Он вдруг опустевшими глазами посмотрел в окно, и лицо его на мгновенье стало сухим и серьёзным, как в преддверии смерти. Кожа на скулах натянулась, стала коричневой и ломкой, как пергамент. Изящная русо-рыжеватая бородка торчала нелепо. Или это свет так упал?
– И где? В Париже?
– Нет, не угадали. По-французски говорят не только во Франции.
– Ещё где-то в Африке?
– Опять не угадали.
– Сдаюсь.
– В Лаосе.
– В Лаосе?
– Да. Я очень люблю эту страну, одно время даже думал остаться там, а теперь, – он помолчал – мне иногда кажется, что это был сон. Сон на окраине мира.
– Расскажите.
– Рассказать? Он вытянул ноги под столом, забросил руки за голову, вытянулся на стуле. Он был в тёплой зелёной кофте на пуговицах. Потянулся и зевнул. – День какой-то сонный, да? А ну их к чёрту, переводы…
– Знаете, – сказал он, – уже восемь лет прошло с тех пор, как я вернулся. Восемь лет, да. Ну, я всё это время не скучал, – лёгкой улыбкой он дал мне понять иронию своих слов, – жил как мог, был и садовником, и библиотекарем… Снова улыбка, на которую я ответил кивком и улыбкой: всё это было и мне знакомо. – Ну, вообщем, много времени прошло и много событий случилось. Прошлое, понимаете, мутнеет, отлетает. А тут – не так. Чем больше проходит времени, тем яснее я вижу Лаос и себя в нём. Такое сияющее, висящее в воздухе видение.

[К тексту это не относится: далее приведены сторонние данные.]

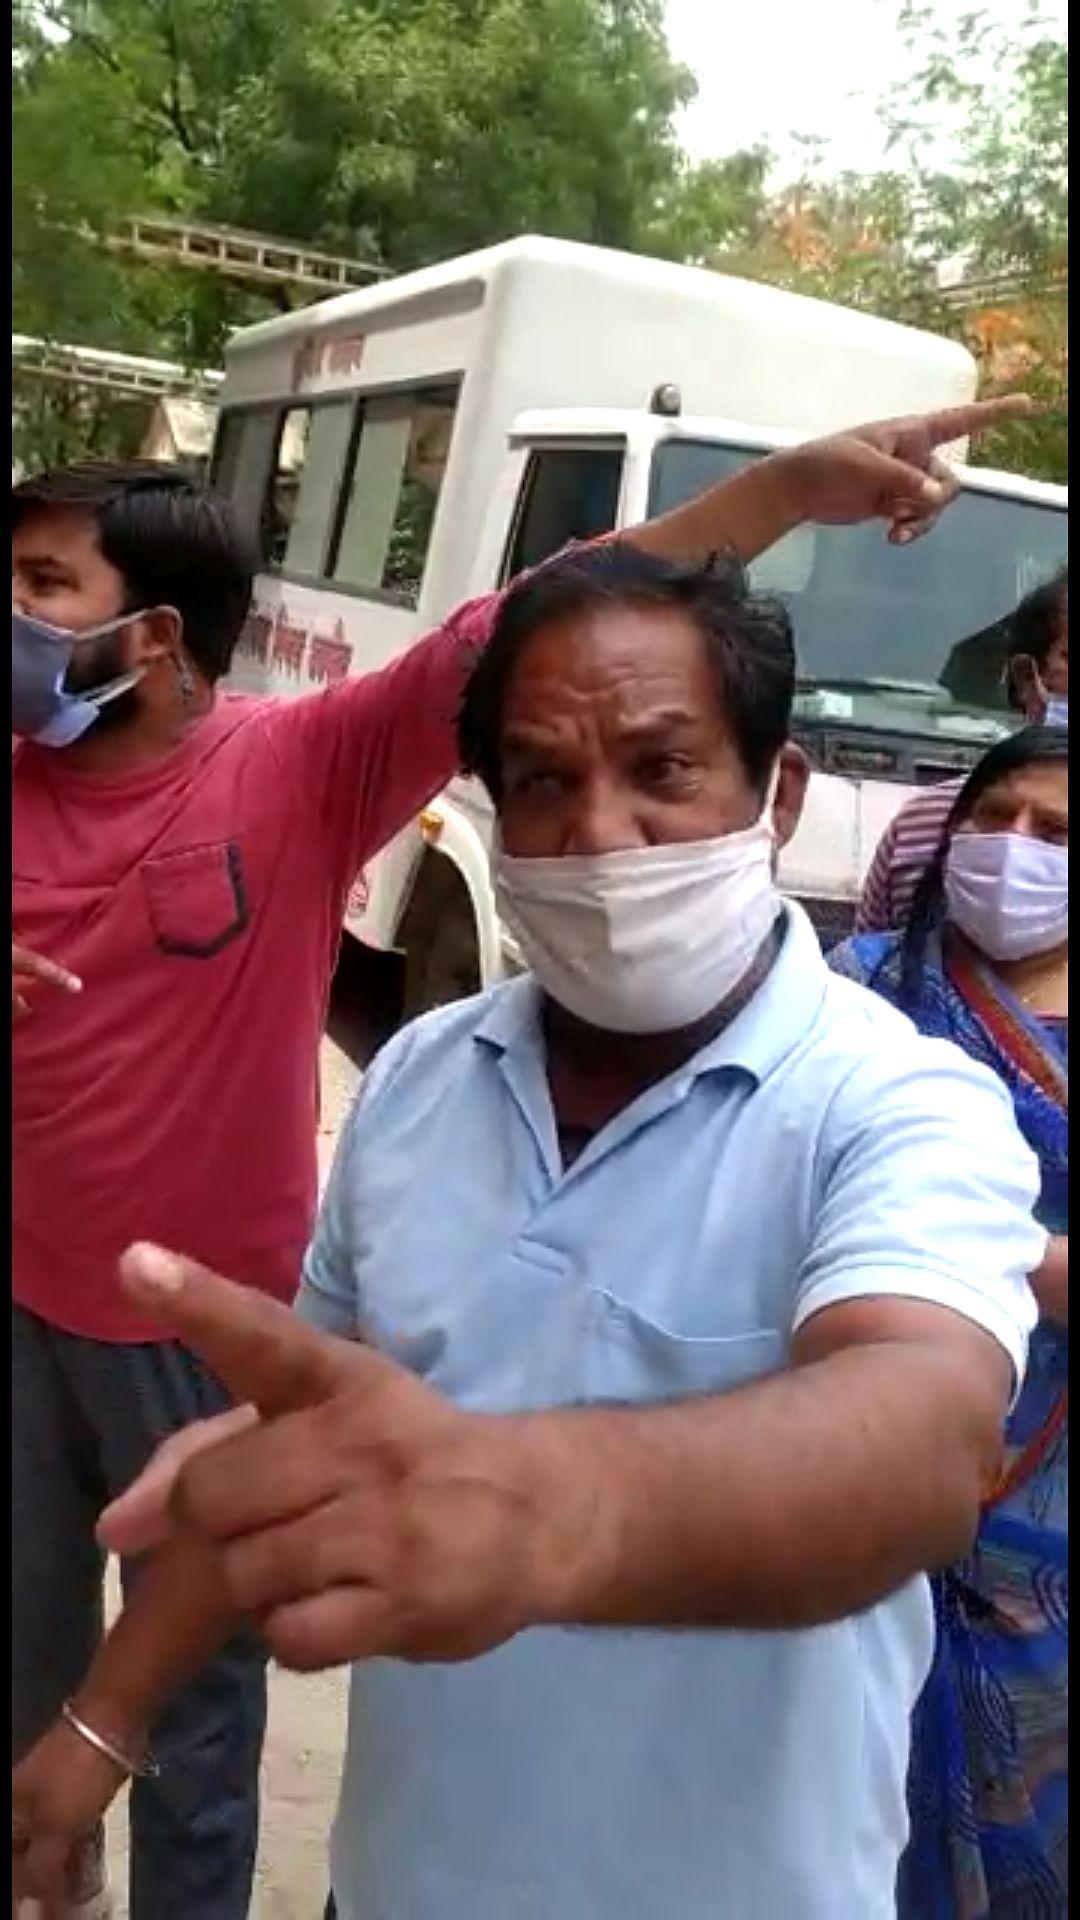 Ujjain: Ruckus at RDGMC; 'Doctors' get away with thrashing cop

Знаете, вот что, вот в чём дело тут, наверное. Люди делятся на две большие и неравные группы, – он говорил с округлыми, плавными жестами маленьких рук, как будто лепил перед грудью невидимую статуэтку. – Меньшая часть – герои, военные, святые, преступники, лётчики-испытатели, разведчики и тому подобная пёстрая публика, жизнь которой наполнена самыми невероятными приключениями. Понимаете, войны, путешествия, любовь, контрабанда, шпионаж и так далее. Ну Флеминг же пишет с чего-то свои романы? Но большая часть, остальные миллионы, живут от дома и до работы и обратно и обречены на пустоту. Жизни не хватает на всех, понимаете?
Я кивнул, гадая, к чему он клонит. Времени для разговоров у нас было невпроворот – целый рабочий день. Этот. И следующий. И ещё сколько угодно таких же одинаковых дней.

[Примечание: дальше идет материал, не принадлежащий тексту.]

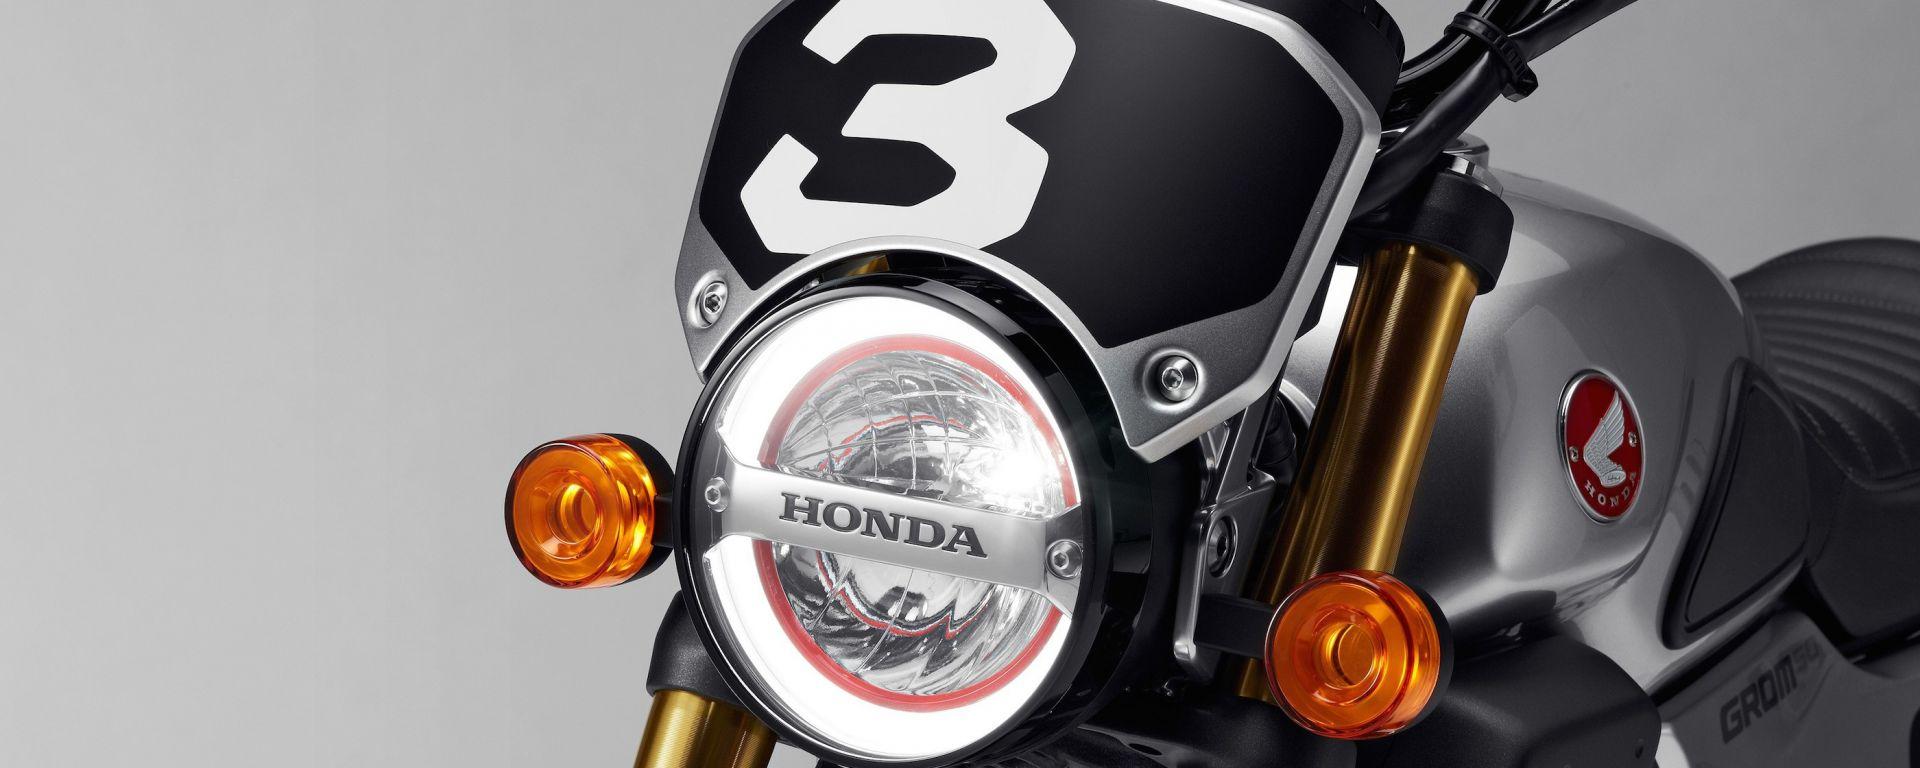 Honda Grom 50 Scrambler

– Ничего, не очень я вас глушу своей доморощенной философией?, – улыбнулся он. – Я, видите ли, вообще-то философ. Небольшого масштаба, кухонный… Но и вы ведь..?

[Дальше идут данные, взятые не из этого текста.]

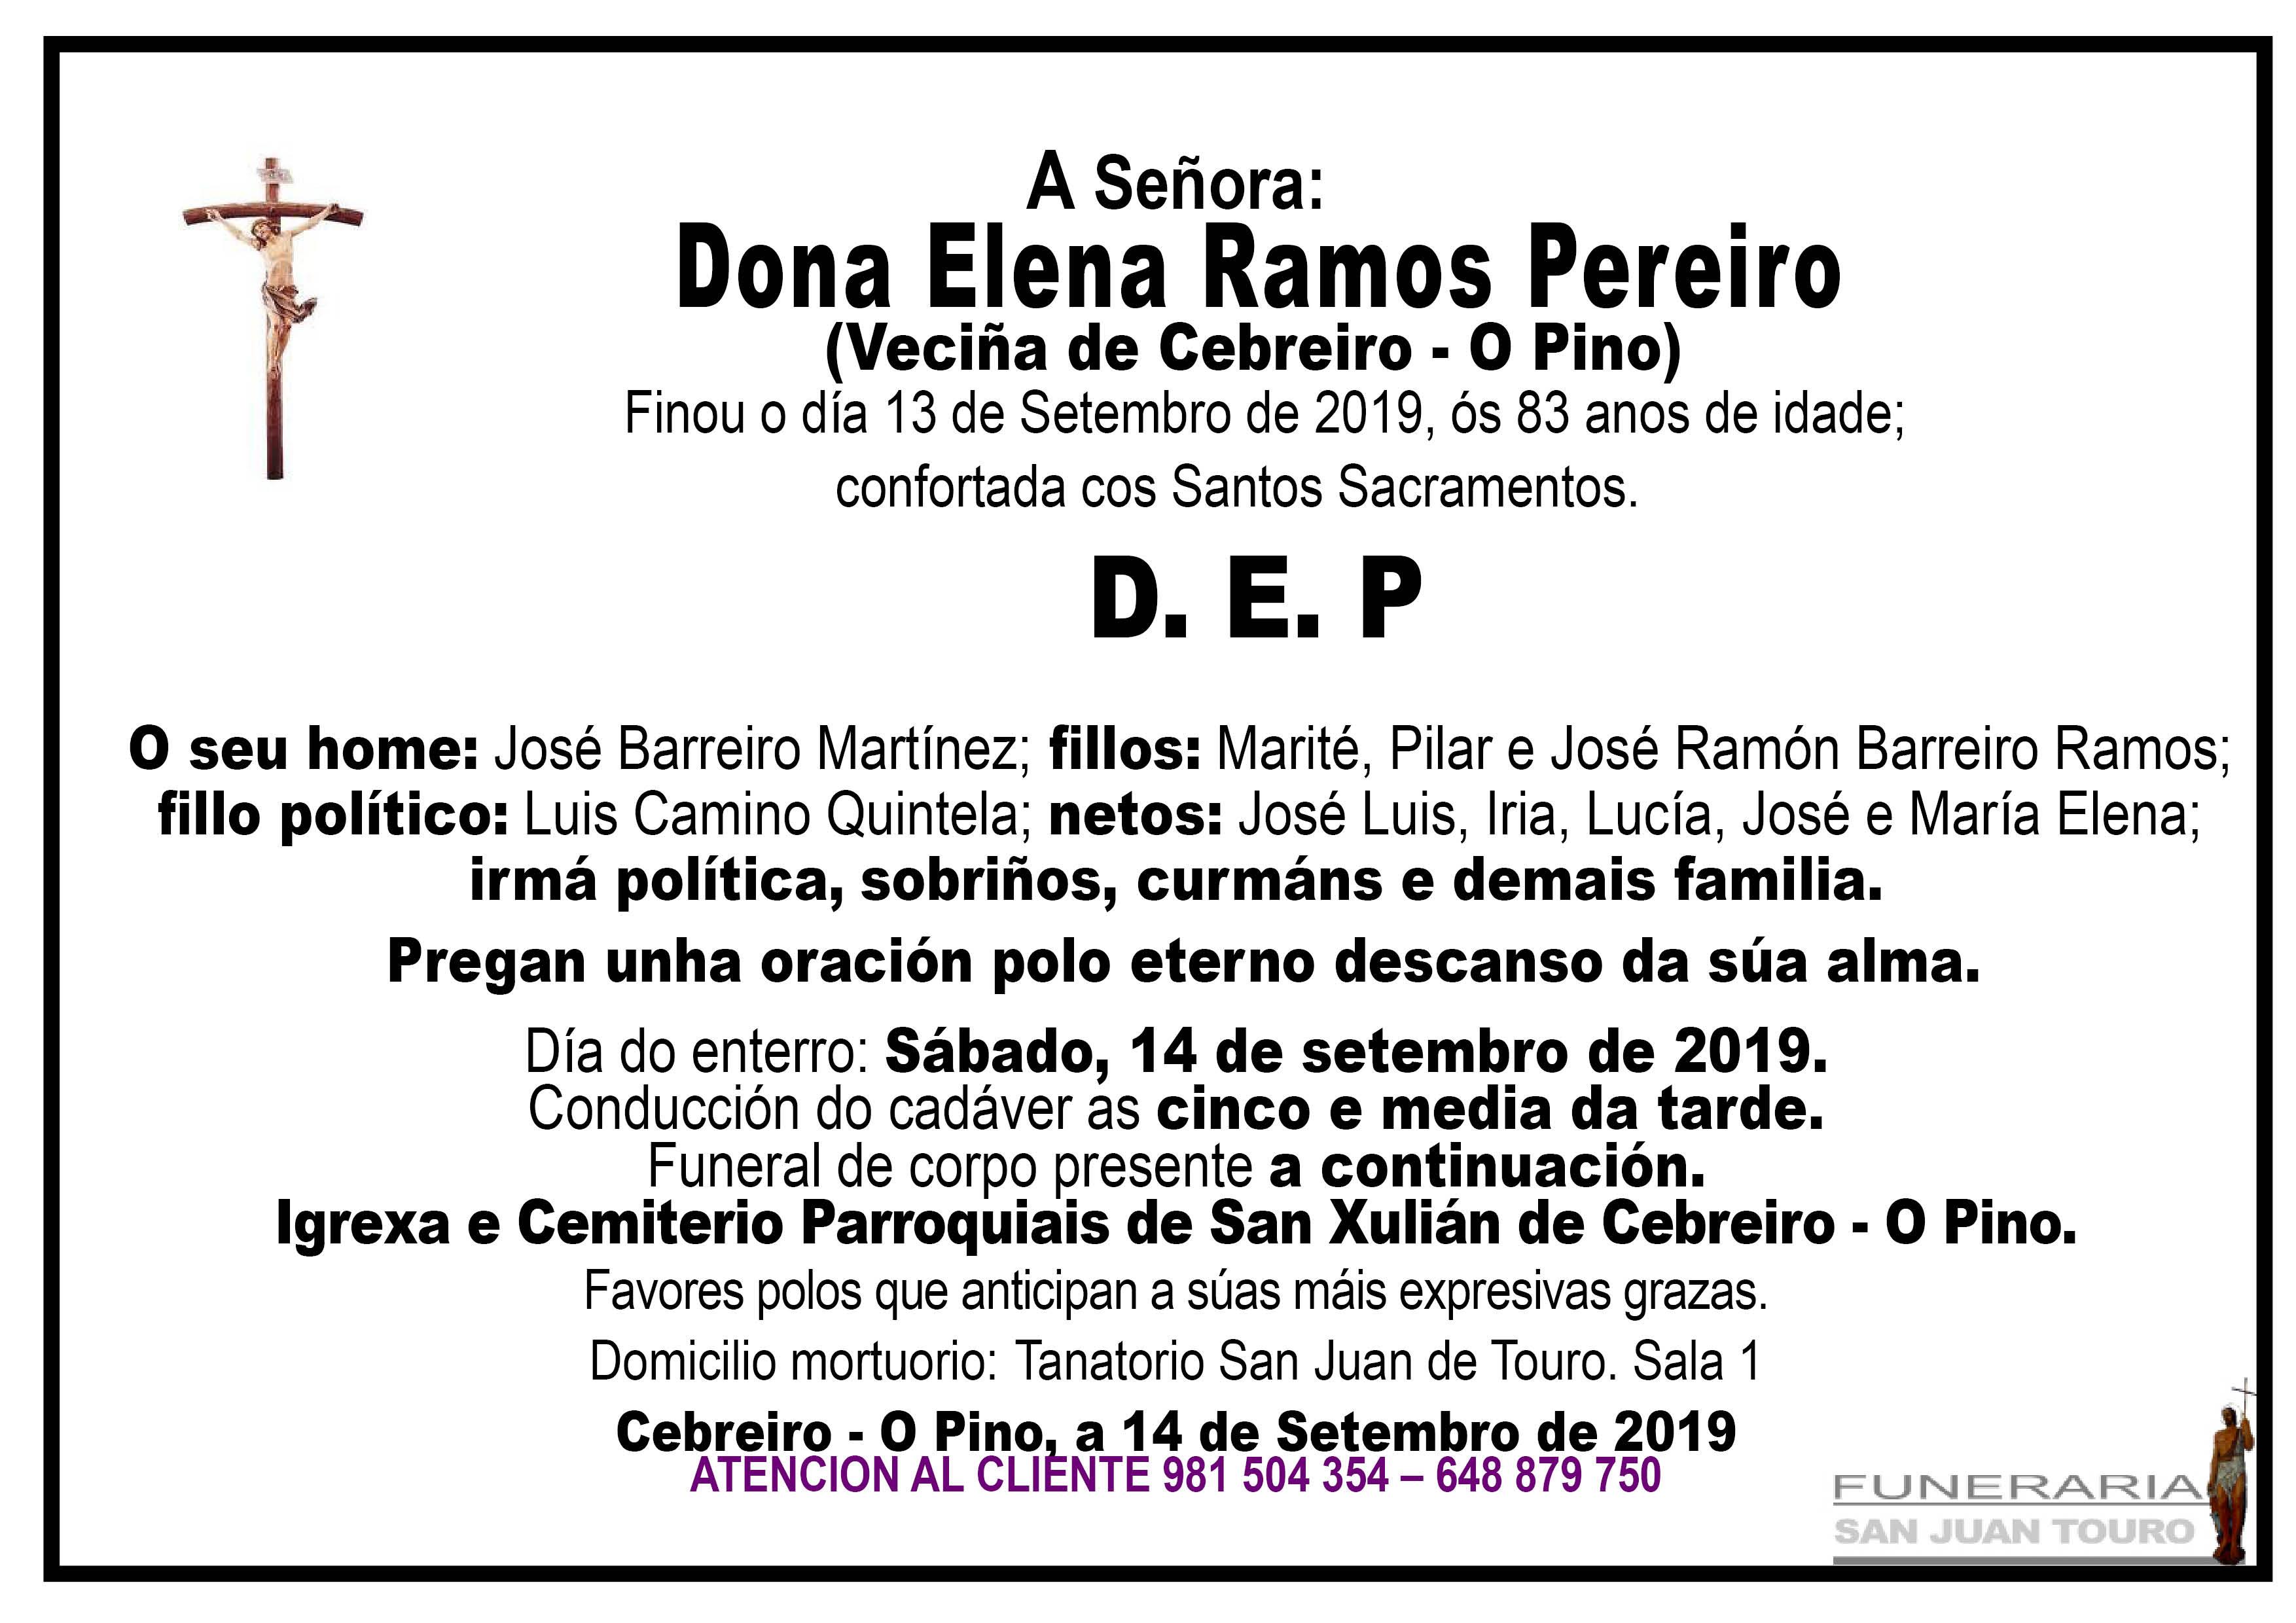 Esquela de SEPELIO DE DONA ELENA RAMOS PEREIRO

– Ну, и я. А что остаётся?
Он улыбнулся мне слабой понимающей улыбкой. Слабость и лёгкая растерянность были в нём постоянно, две константы, вокруг которых вращалась его душа. Он был невысок ростом, неширок в плечах. У него были маленькие руки и ноги, что вместе с небольшим ростом и витающей улыбкой заставляло предположить малый запас внутренний сил. И вообще, во всём его облике, манерах, голосе, улыбке было что-то мягкое, умеренное, неразмашистое – тихий, комнатный мужчина, склонный к вечернему уюту, интеллигентным разговорам, чаю и вину.
– Значит, согласны потерпеть?
– Согласен, – сказал я. – Валяйте дальше.
– Валяю дальше. В средние века люди жили короче, тридцати пяти лет хватало. Успехи медицины, гигиены и цивилизации сильно удлинили жизнь. Физически человек живёт теперь и семьдесят, и восемьдесят, но ему жить нечем, нечем наполнить свои годы. С этой засасывающей пустотой связаны почти все явления двадцатого века. Экзистенциализм, кризис духа, закат Европы, фашизм… Что такое фашизм? Приступ бешенства в жизненной пустоте, попытка наполнить жизнь хоть чем-нибудь, вырвать у жизни хоть какое-нибудь приключение.